You'll note that this image is perfectly unacceptable since verticals are converging. Digital phtotographers have really no excuse since they can easily correct converging verticals by post-processing... But cheese aficionados do not care for that
There is an article in French by Jean-Marie Solichon about what happens when you stop down too much, and how an image, potentially degraded by diffraction, will look.
http://www.galerie-photo.com/diffraction.html
You'll see in the article how miracles can be obtained by post-processing using a digital sharpening tool. Yes, the uncompromising LF photographer will definitely object, but this is another option for those who prefer to spend hours and hours in front of a computer to minutes adjusting the controls in the field
If fact for a lens like the 240mm Symmar-S, the manufacturer probably recommends f/22 or f/32 as the best f-stop.
I have no idea about which exact criterium or combination of criteria are used by manufacturers to define the best aperture, but my understanding is that it is a compromise between sharpness and coverage.
At the widest aperture, coverage and sharpness are not the best, but you have the best brightness to help you properly focusing.
When stopping down, sharpness increases first at the centre of the image, stopping down further makes the image more homogeneous from the centre to the corners without noticeable sharpness progress at the centre, and beyond a certain point, say F/32-F/45, there is no longer any progress in coverage and a visible degradation due to diffraction appears. This is easily visible between f/16 and f/45 in J.M. Solichon's article.
Certainly, depth of field continues to increase when stopping down past the best aperture, but since the image becomes less sharp and affected by diffraction usual formulae based on pure diffraction-free geometrical optics are, strictly sepaking, no longer valid.
If we stop down to, say, an improbable f/128, the image sharpness will be limited by diffraction effects to a resolution around 128 microns, it means that if you demand 100 microns as your limit of accpetable sharpness (the diameter of the circle of confusion in DOF calculators) you come to the conclusion that no point of the object field can be projected to a spot smaller than 128 microns, hence no point of the object field is acceptably sharp, depth of field in this condition is... nil, and not at all "infinite" as you could think if you know what people say about pinhole images !

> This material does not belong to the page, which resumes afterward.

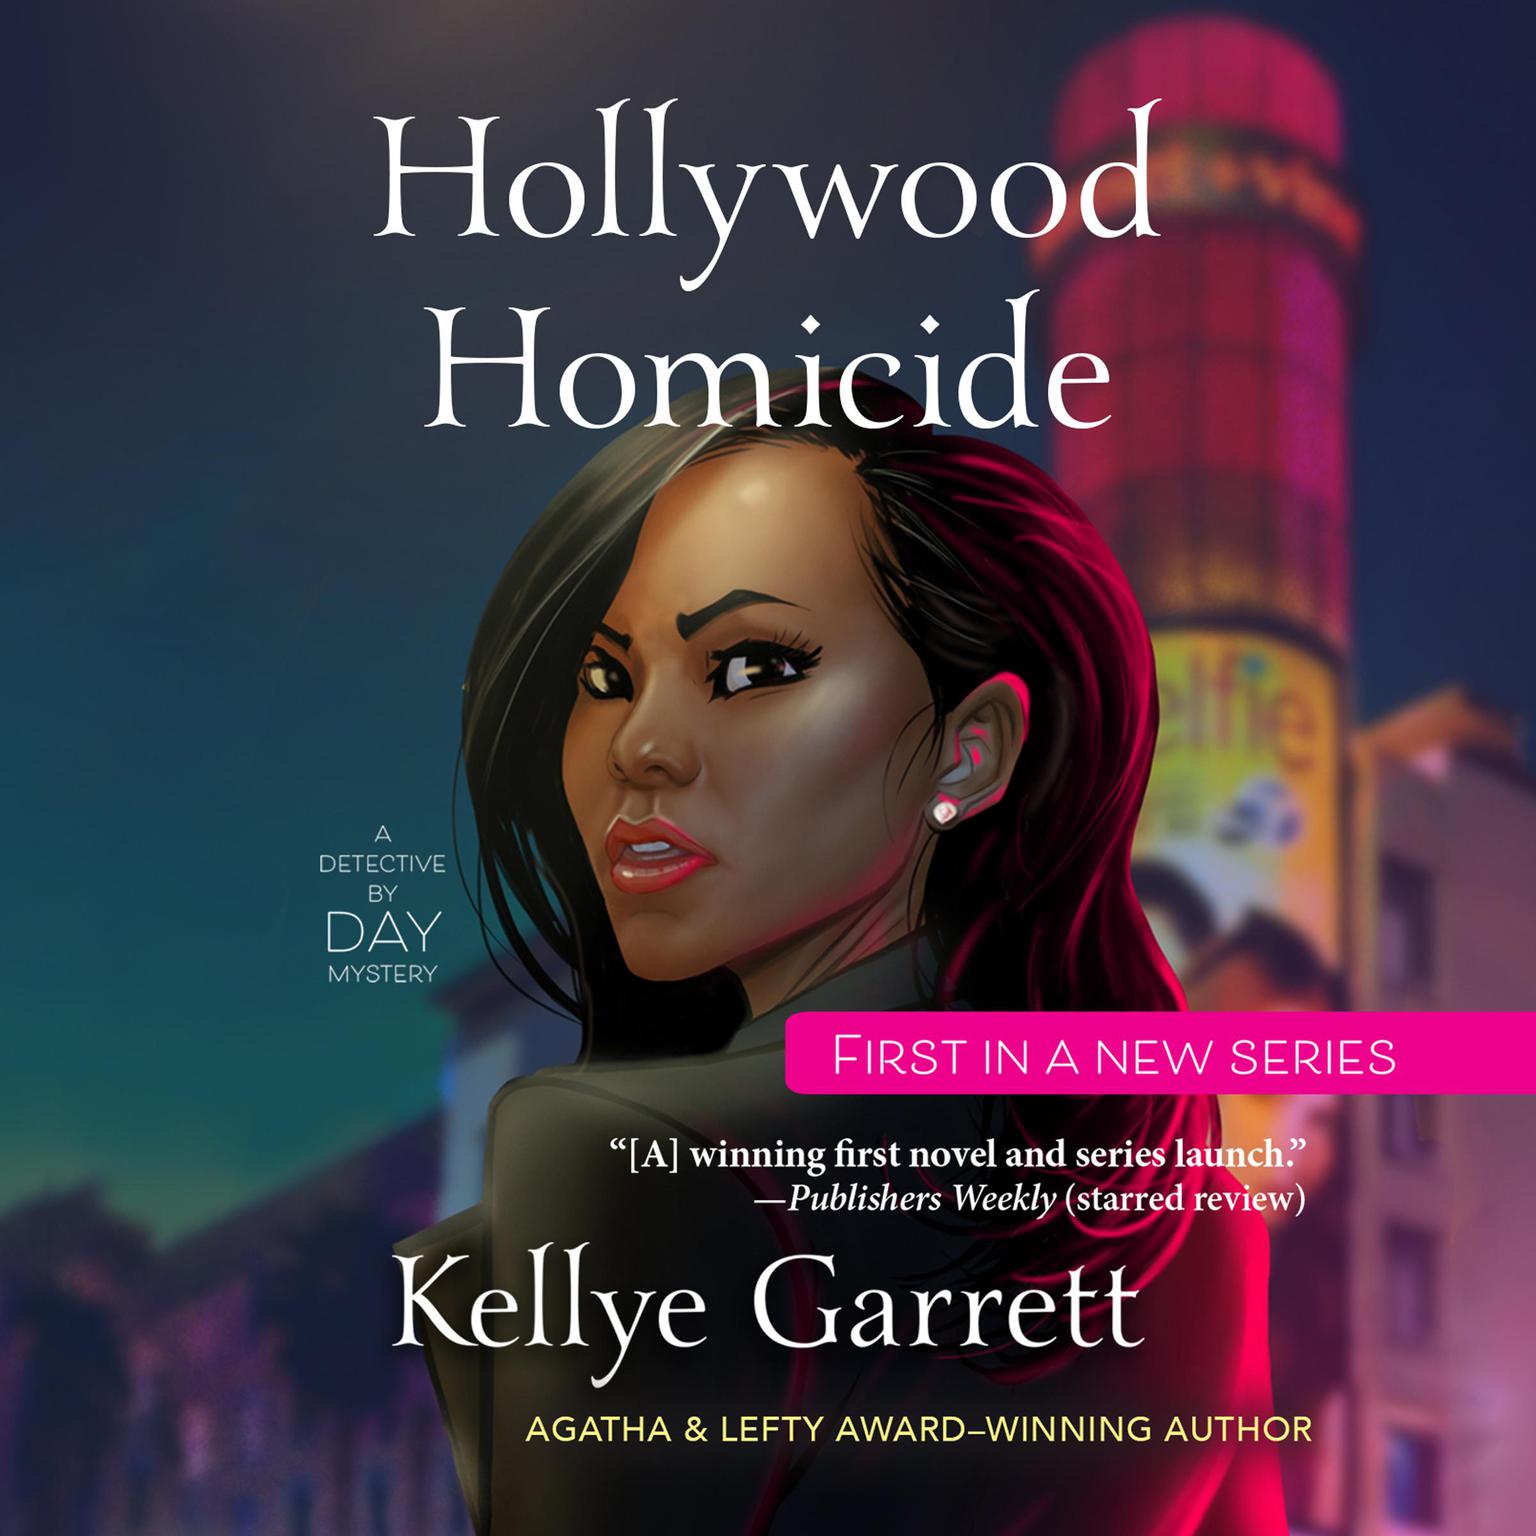 Hollywood Homicide Audiobook, by Kellye Garrett
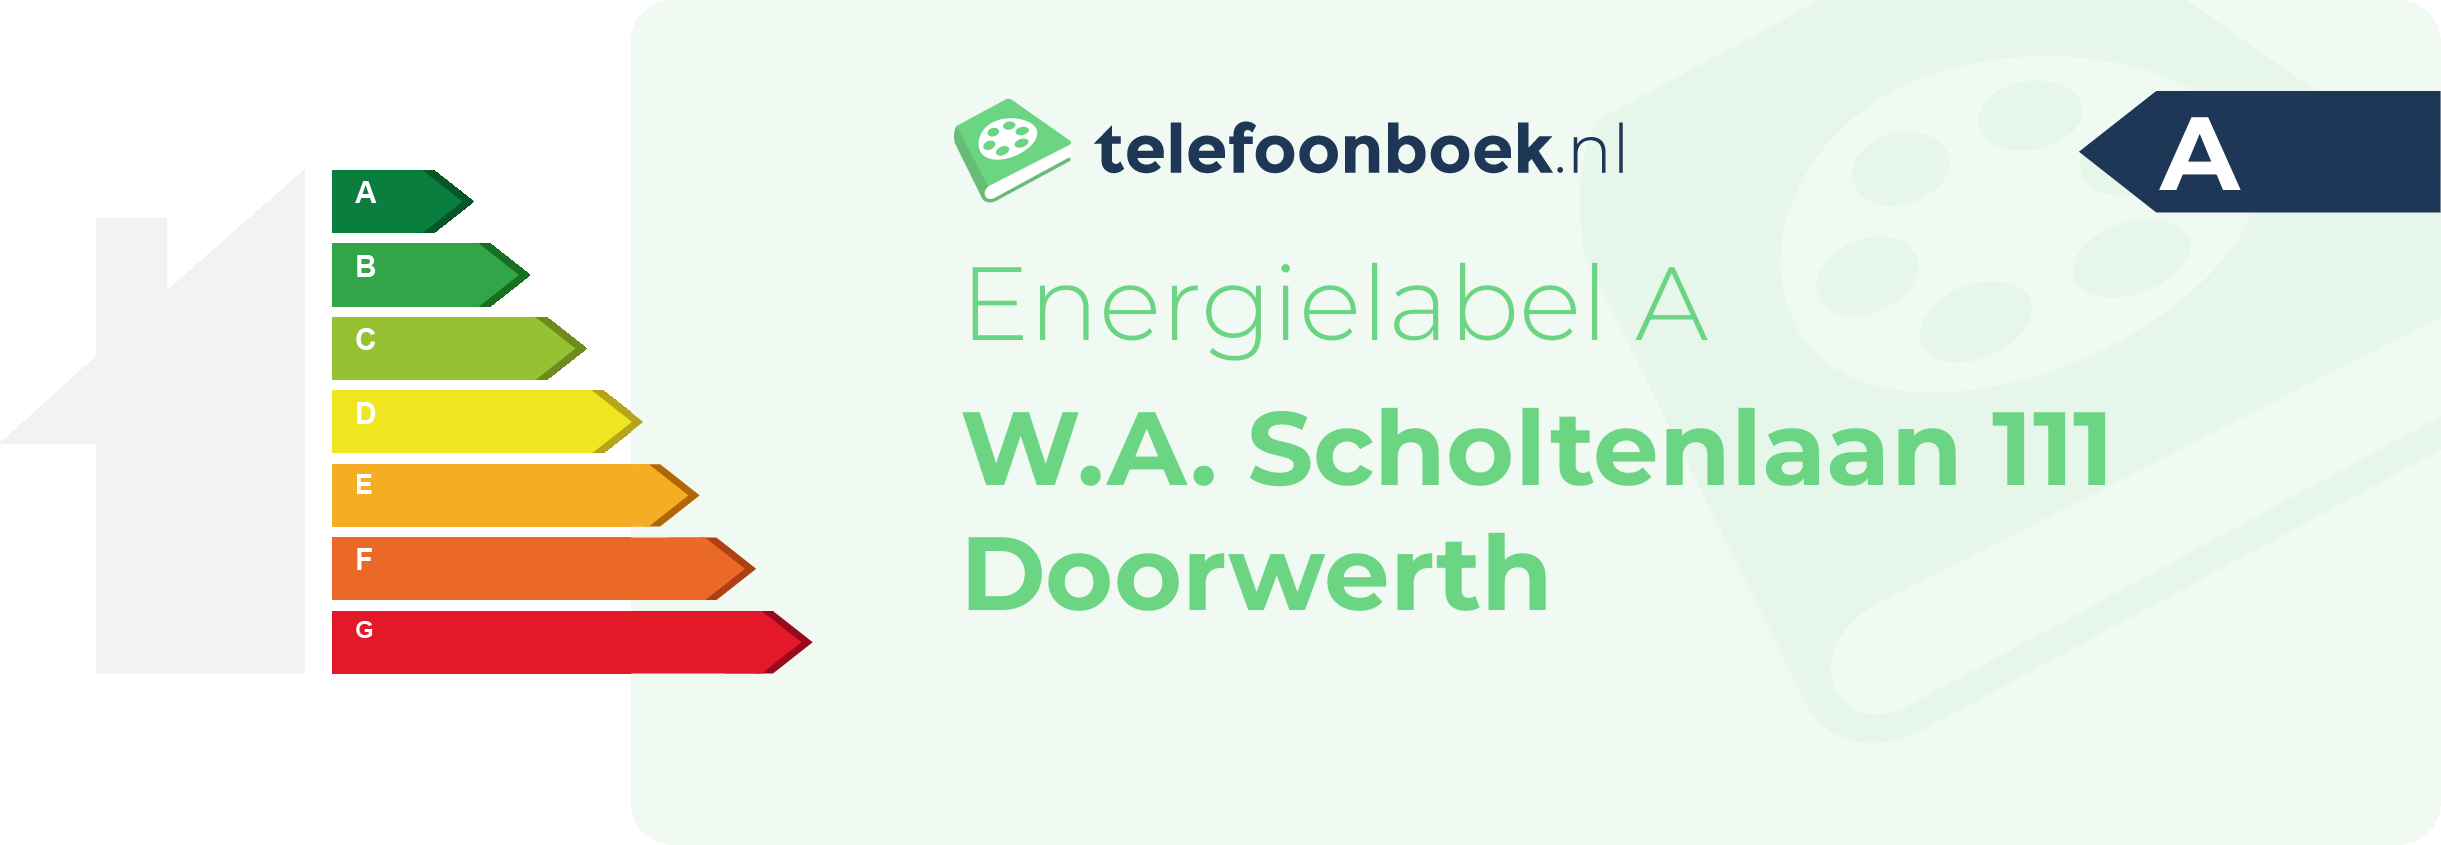 Energielabel W.A. Scholtenlaan 111 Doorwerth

So, Léon, feel free to stop down to the mechanical limits of you iris and see what happens.
Beware however that the precision on the f-number will probably be not very good at those very small apertures. However you can try and check with a spotmeter aiming at the ground glass how the intensity of light varies when you stop down beyond what is engraved. You should verify that each click or step of one f-number moves the spotmeter reading accordingly ; so you can easily extrapolate beyond what is engraved.
This spotmeter procedure is discussed in this recent thread on the Northern-American LF forum. (sorry for a self-citation
http://www.largeformatphotography.info/ ... hp?t=32332
In the thread, I suggest a geometrical method to determine the actual f-number on a lens without aperture scale, but the spotmeter-on-ground-glass method seems to work fine and is worth testing first.